Who, to this day, doesn’t shudder when the ominous repeating notes of the “shark’s theme” from the movie Jaws start to play? How about the screeching, high pitched strings from the movie Psycho? Thanks to John Williams and Bernard Hermann many of us will forever have nightmares because of the scenes the music enhanced.

Through the generations some classical music pieces have been written specifically to describe the supernatural and the downright frightening, and some darker sounding pieces were just “adopted” by modern day audiences to be the soundtrack to horror and Halloween. Here are a few of our favorites.

Good ol’ Bach is credited with composing the quintessential Halloween piece, although it wasn’t written for Halloween. The Toccata and Fugue in D Minor, BWV 565, was written as an organ piece originally. That’s probably the only thing we know for certain. Everything else about the piece – from when it written to whether it describes a raging storm or not – has been argued and disputed by several Bach biographers, especially over the last 200 years.

This version is with Australian organist Kurt Ison, at the Sydney Town Hall:

You might recognize the theme music to the 1955 TV show “Alfred Hitchcock Presents.” It was note for note The Funeral March of a Marionette by Charles Gounod.
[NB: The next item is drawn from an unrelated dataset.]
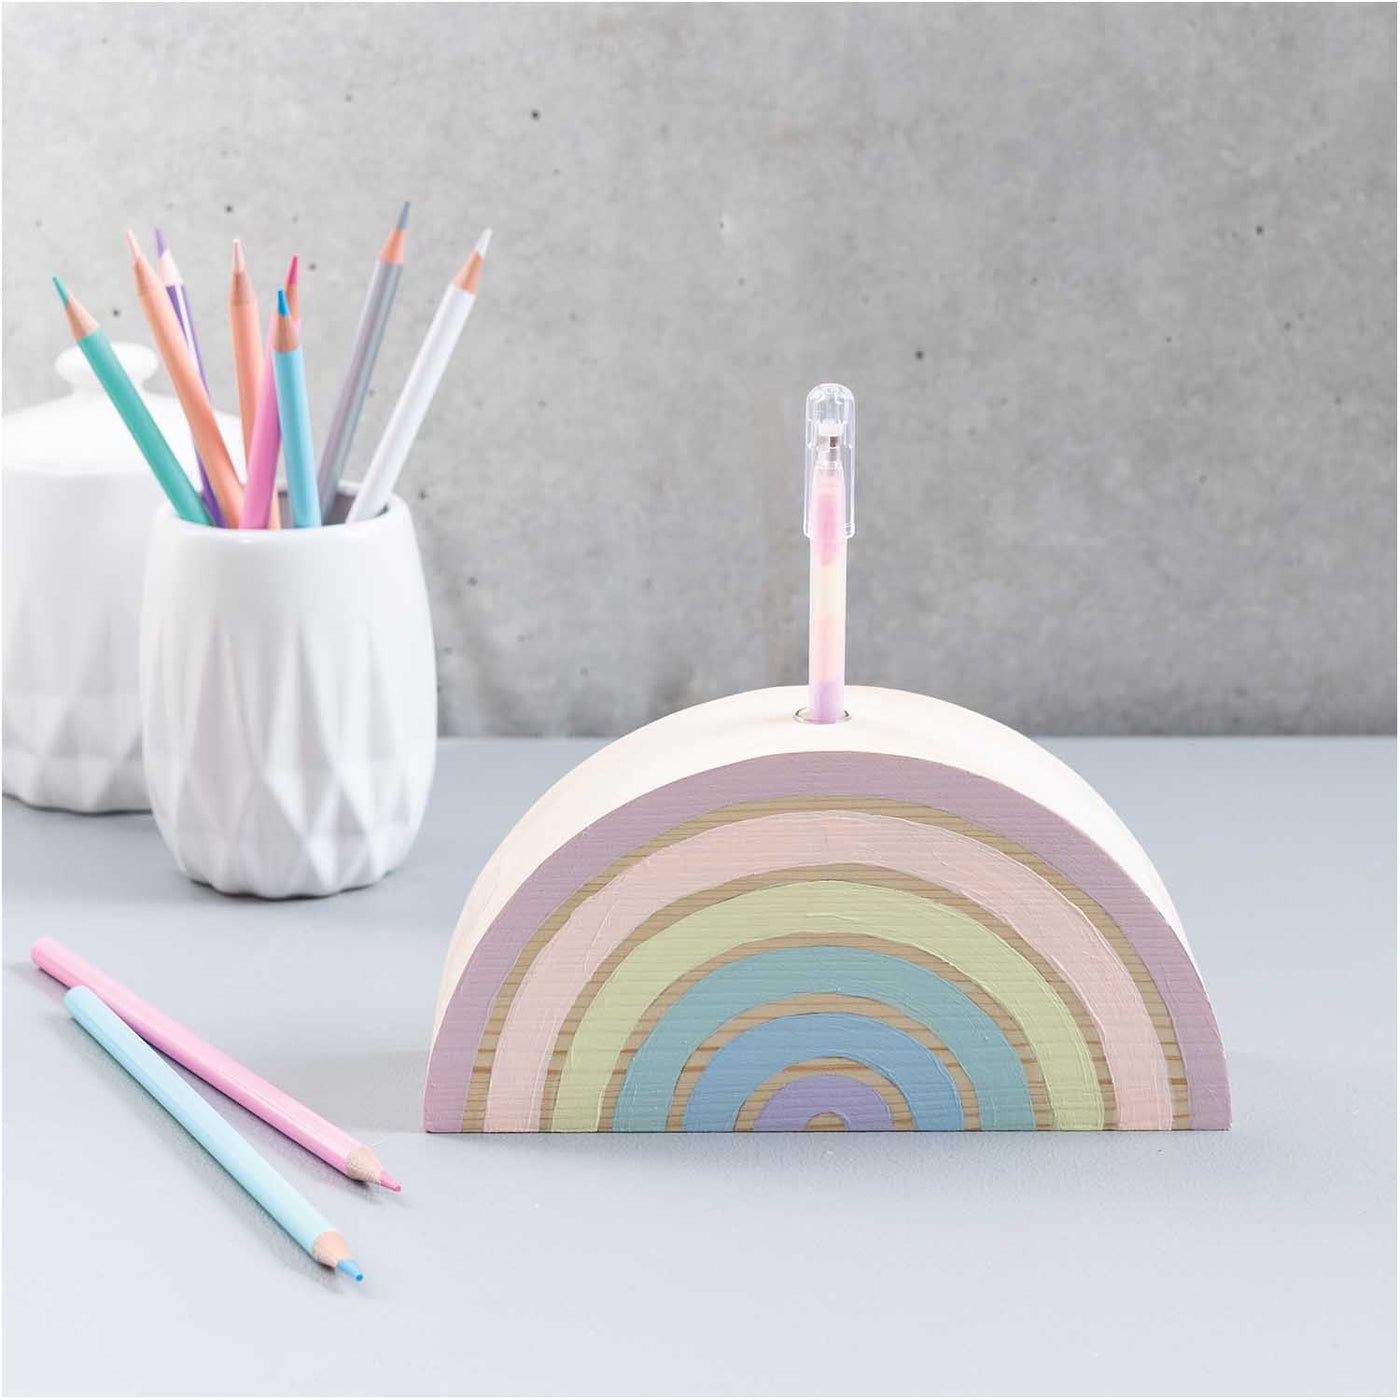 Wooden Rainbow with Small Glass Vase for Craft - 18cm

Camille Saint-Saëns set to music a poem by Henri Cazalis, that describes the figure of Death playing his fiddle for the skeletons dancing on their graves on Halloween. That description alone is enough to send one ducking under the covers. This video shows a drawing from a Medieval text that illustrates the point of the poem: that regardless of our lot in life, once we are skeletons, we are all the same. Here is Angèle Dubeau and her ensemble, La Pieta:

The “Funeral March” is the third movement from Frederic Chopin’s Piano Sonata No. 2. It was played at Chopin’s own funeral. It is “the” go-to theme that TV shows and movies use to indicate doom. Without knowing what the piece actually was, it was also sung by the kids in my neighborhood to indicate someone was in real trouble.

What would Halloween be without trolls and goblins? Edvard Grieg included them in his Peer Gynt. The movement titled “In the Hall of the Mountain King” has an introduction that reads: “There is a great crowd of troll courtiers, gnomes, and goblins. Dovregubben sits on his throne with crown and sceptre, surrounded by his children and relatives, Peer Gynt stands before him. There is a tremendous uproar in the hall.”

And lest you think that women composers don’t venture into the dark and mystical, consider these two pieces. First, music Rachel Portman wrote for the movie The Duchess. In under two minutes she captures the dread any parent will feel in a piece titled “Never See Your Children Again.”

And how about Amy Beach setting up a truly eerie scene in her piece “The Old Chapel by Moonlight,” Op.106? The performer is Kai Adomeit:

The most jovial composer, as he was known, Antonín Dvořák, was not above traveling to the dark side. His The Water Goblin is scary enough, but as a mom, nothing is worse than the thought of your child being taken. In The Noon Witch, Dvořák tells an old scary legend, through music, about a witch who takes away children who misbehave. Charles Mackerras conducts the Czech Philharmonic, with spooky pictures adding to the scene.

Coda:  There are numerous other eerie, scary classical pieces (looking at you, Liszt), but we’ll save those for next Halloween. Meantime, here are a few more scary tunes from movies and pop culture. Have a spooktacular Halloween night …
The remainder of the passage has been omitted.